While it is of course nice that my mother is finally receiving *some* recognition for her contribution to Philip's work — not only did he start writing during their marriage, but she was his proofreader and editor, in addition to being the primary breadwinner for the couple for six years of their eight-year marriage — it is deeply offensive to both her and me to keep reading about the terrible financial strain his ex-wives were upon Philip. In my mother's case, this is both unfair and untrue. Mr. Corliss, Kleo Apostolides Dick Mini has not received a single cent from Philip's writing since 1958, when the marriage ended. Although Minority Report, Paycheck and The Short Happy Life of Brown Oxford, to name but a few, were all written during their marriage, Mother was not even notified by the estate when the rights were sold, nor did she receive any share of the proceeds from the sale of the movie rights.... Obviously, I would like for you to print a retraction of the implied slur against my mother as soon as possible.

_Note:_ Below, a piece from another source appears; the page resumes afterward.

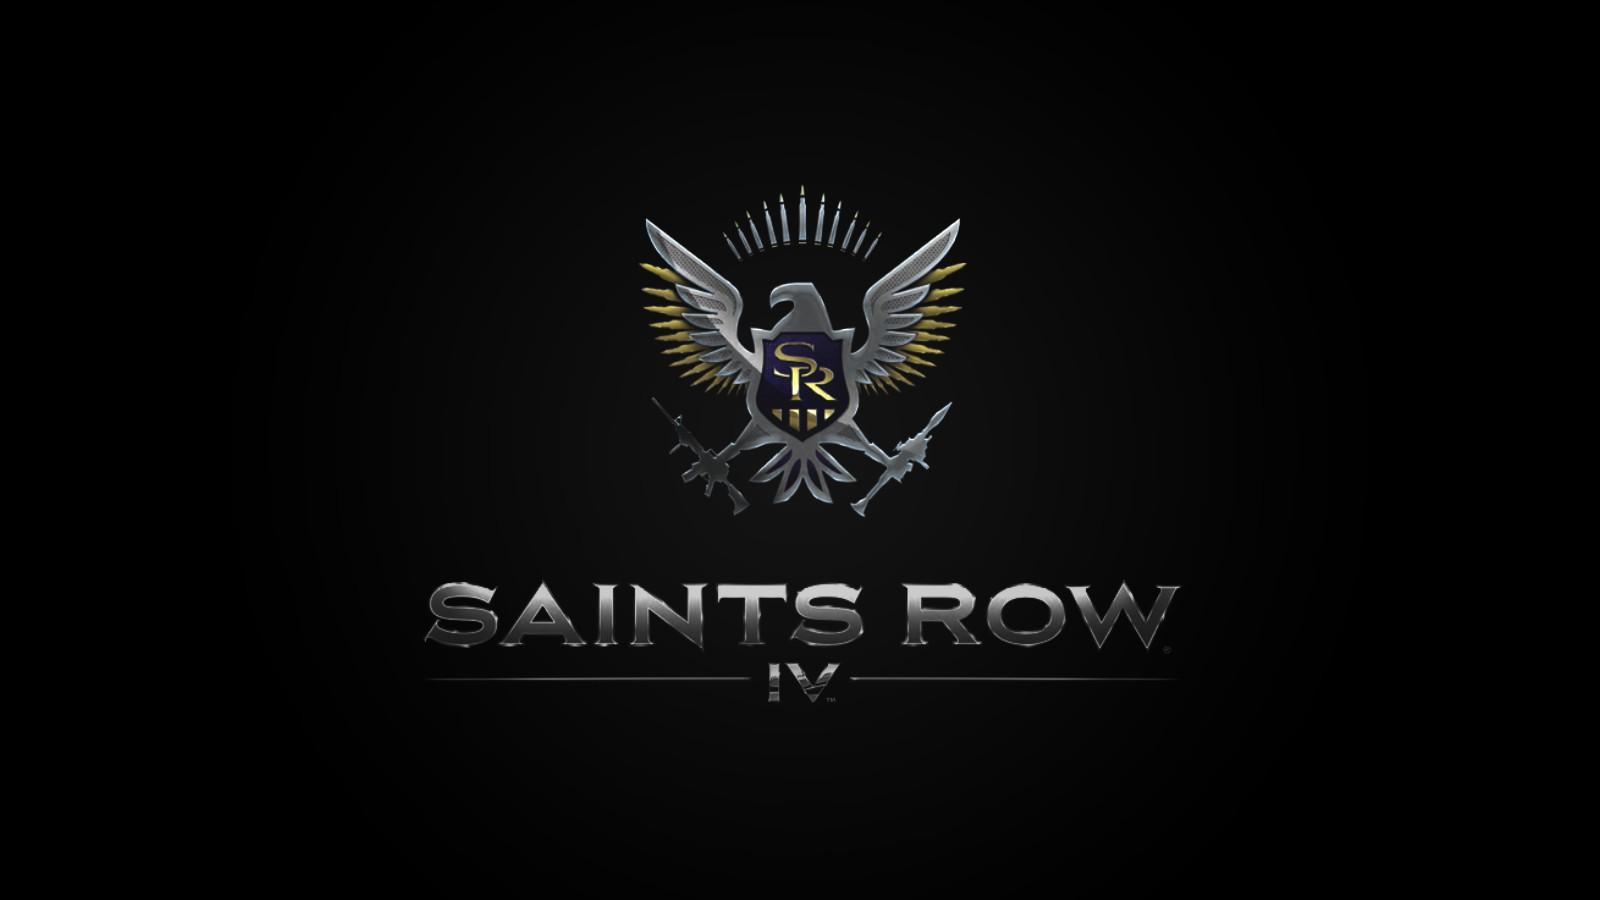 20160924101932_1.jpg - Saints Row 4

If I were as zealous in defending my reputation as Dr. Mini is in protecting her mothers, I would say no slur was implied or could be reasonably inferred. I have nothing to retract. But I am happy to hear from the daughter of Dicks wife and muse in his first, wildly productive period — in which he also produced the stories that were filmed as Screamers and Impostor — and to air her grievance. Eric Bentley said that writing theater criticism is like walking on live bodies. Writing about classic pop culture, I risk walking on the dead and living alike.

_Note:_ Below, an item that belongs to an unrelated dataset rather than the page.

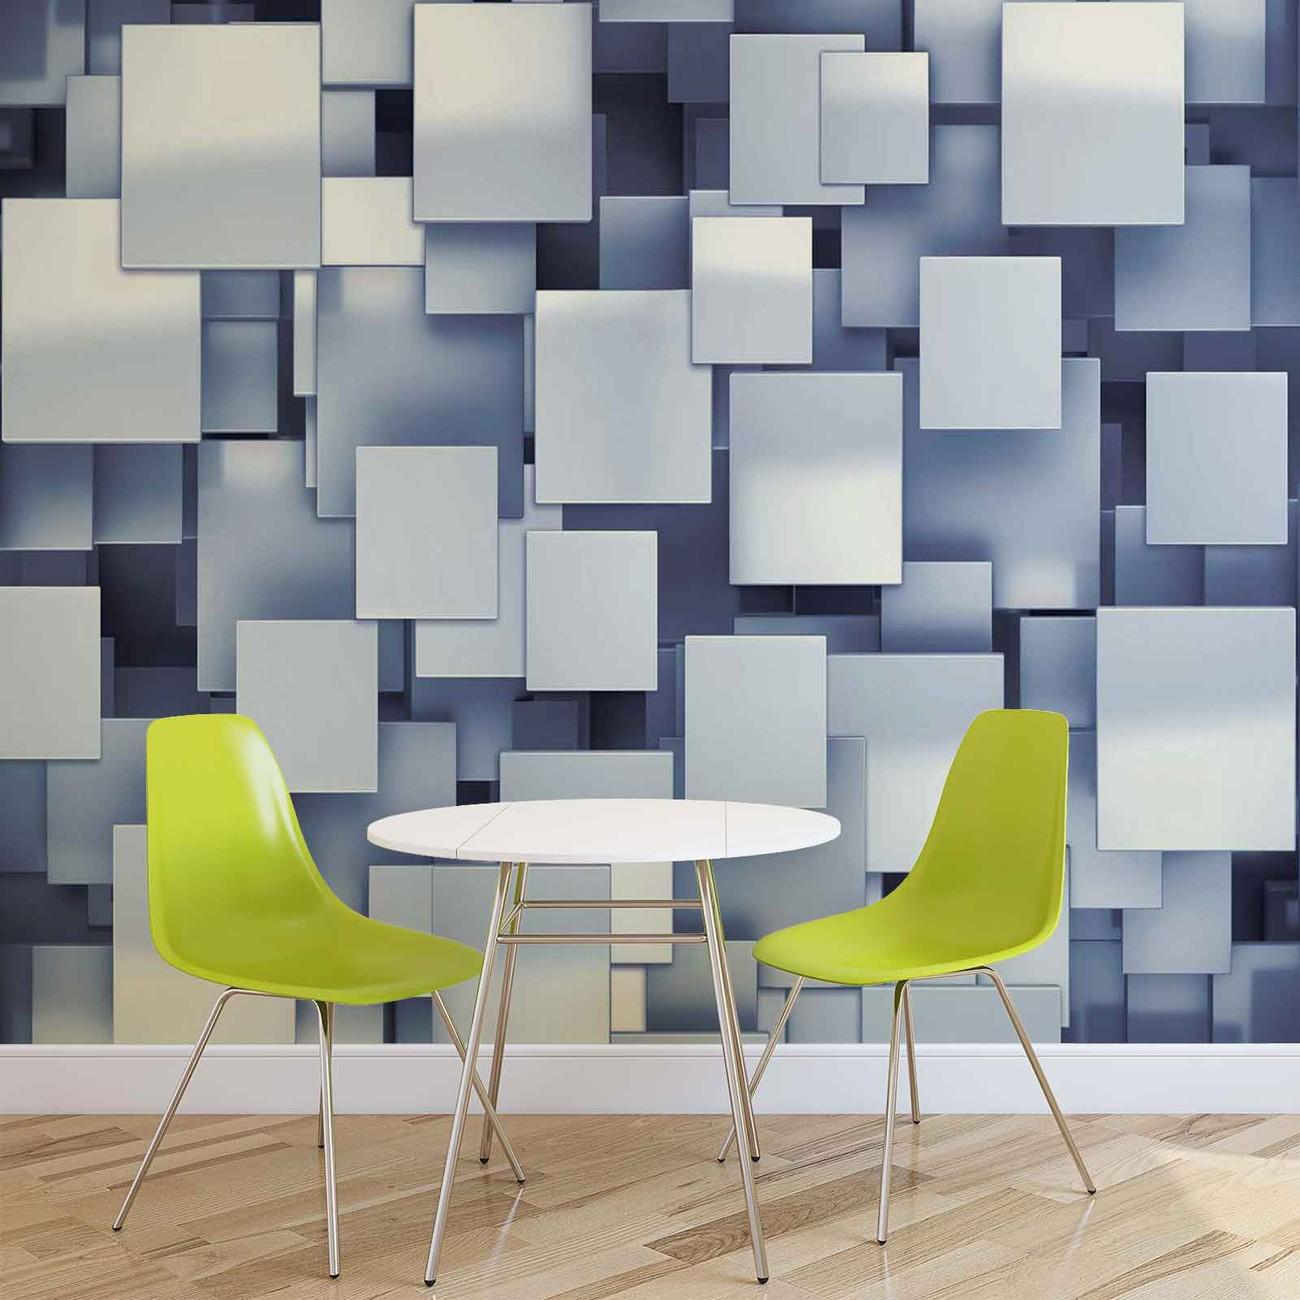 Fototapete tapete abstract squares moderne blau bei europosters kostenloser versand - Moderne fototapeten ...

Despite or because of such a challenge, I still love writing this column, burdening the TIME.com bandwidth with words words words (more than 100,000 each year) about the actors and singers and writers I grew up with, and about those retro artists who make the old feel new.

So I thank the Academy — this Websites Josh Macht and Mark Coatney, my patient enabler. I thank the readers who keep me on my toes, dancing with pleasure at a kind word, dodging bullets of criticism. I thank my high school English teacher, dear, gay Mr. ... never mind. And I thank a hundred years of artists and scoundrels whose work populates this column. My remedial education continues. The garage of my memory has more corners to explore.